University of Pennsylvania, CIS 565: GPU Programming and Architecture, Project 1 - Flocking
- Saksham Nagpal
- Tested on: Windows 11 Home, AMD Ryzen 7 6800H Radeon @ 3.2GHz 16GB, NVIDIA GeForce RTX 3050 Ti Laptop GPU 4096MB
This project implements Craig Reynolds' model of flocking for boids. The boids, i.e. the particles representing fish or birds, move in accordance with these 3 rules:
- cohesion: boids move towards the perceived center of mass of their neighbors,
- separation: boids avoid getting too close to their neighbors, and
- alignment: boids generally try to move with the same direction and speed as their neighbors.
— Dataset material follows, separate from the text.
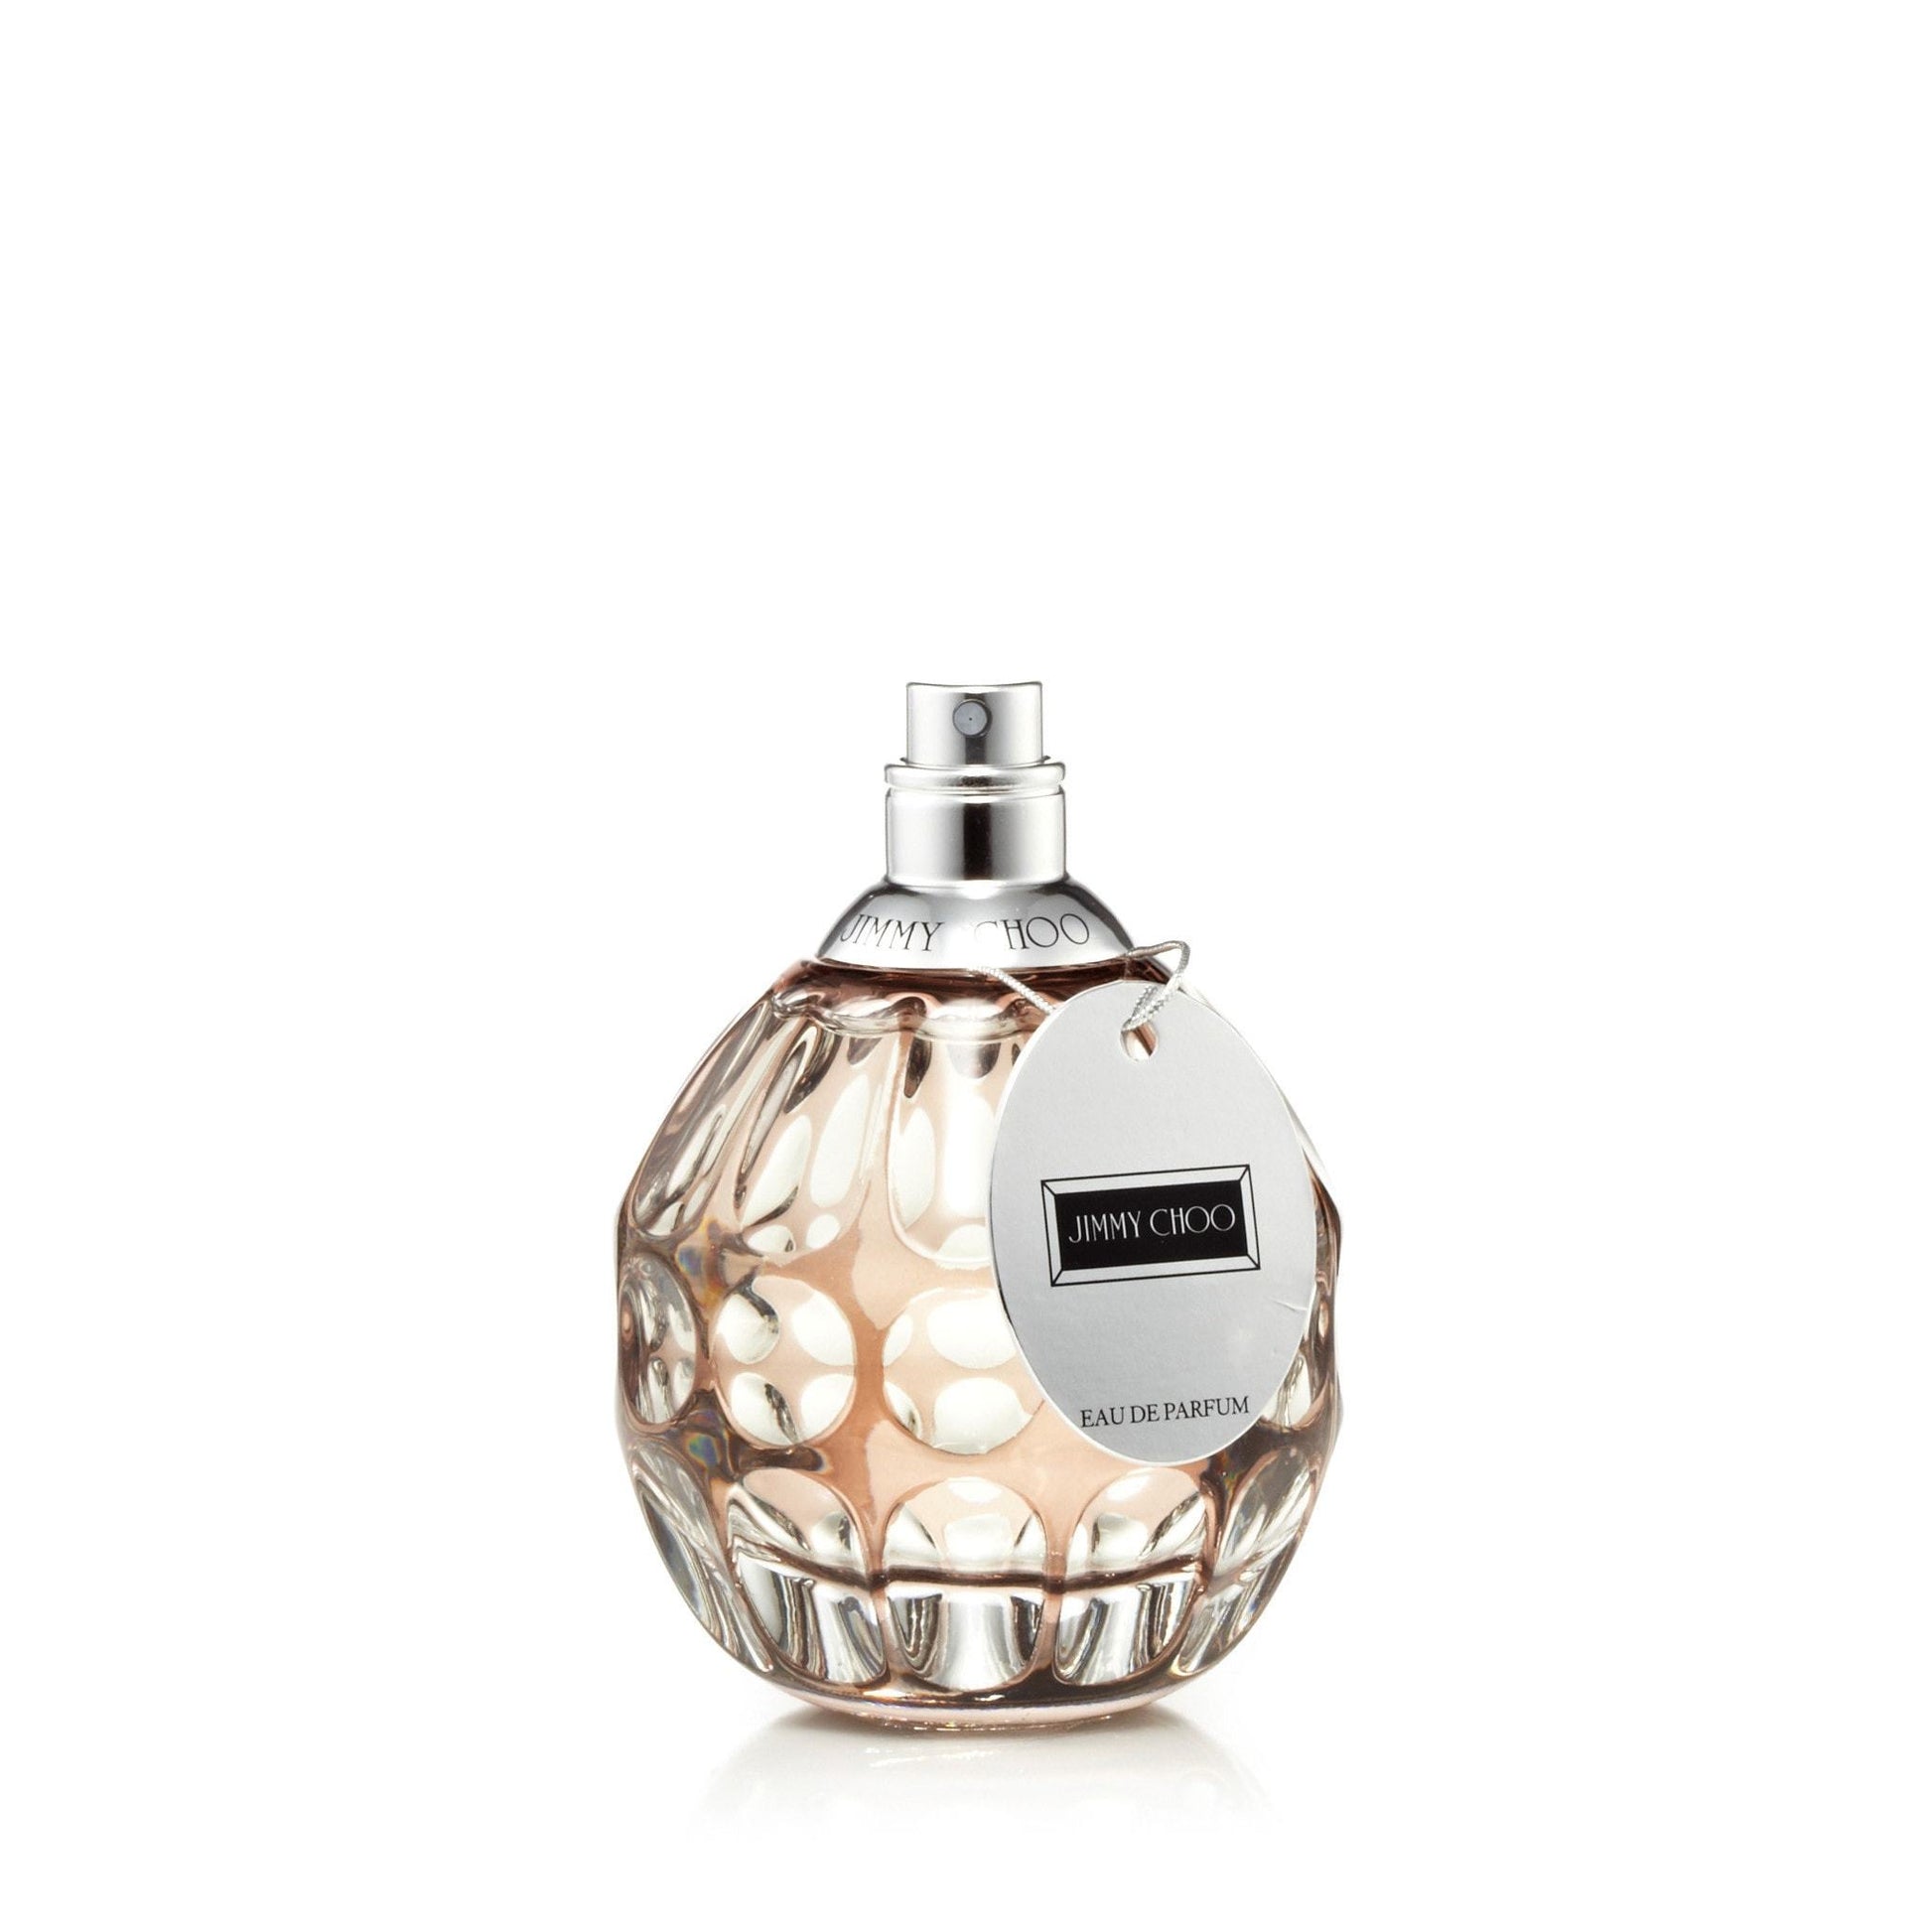 Jimmy Choo Eau de Parfum Spray for Women by Jimmy Choo, Product image 3

The final implementation looks something like this:
![]() |
---|
Naive Flocking: 5000 Boids, Screen Scale 100, 128 Blocks |
![]() |
---|
Coherent Grid-Based Flocking: 50,000 Boids, Screen Scale 100, 128 Blocks |
![]() |
---|
Coherent Grid-Based Flocking: 1 Million Boids, Screen Scale 200, 128 Blocks |
- Naive Method: The naive implemententation simply checks every boids against every other boid to determine which boids are within its neighborhood (i.e. within some max distance from itself). This O(n2) method, while considerably slower than the following 2 methods, is a good starting point as well as gives a base-line for comparing the performace of the optimized methods.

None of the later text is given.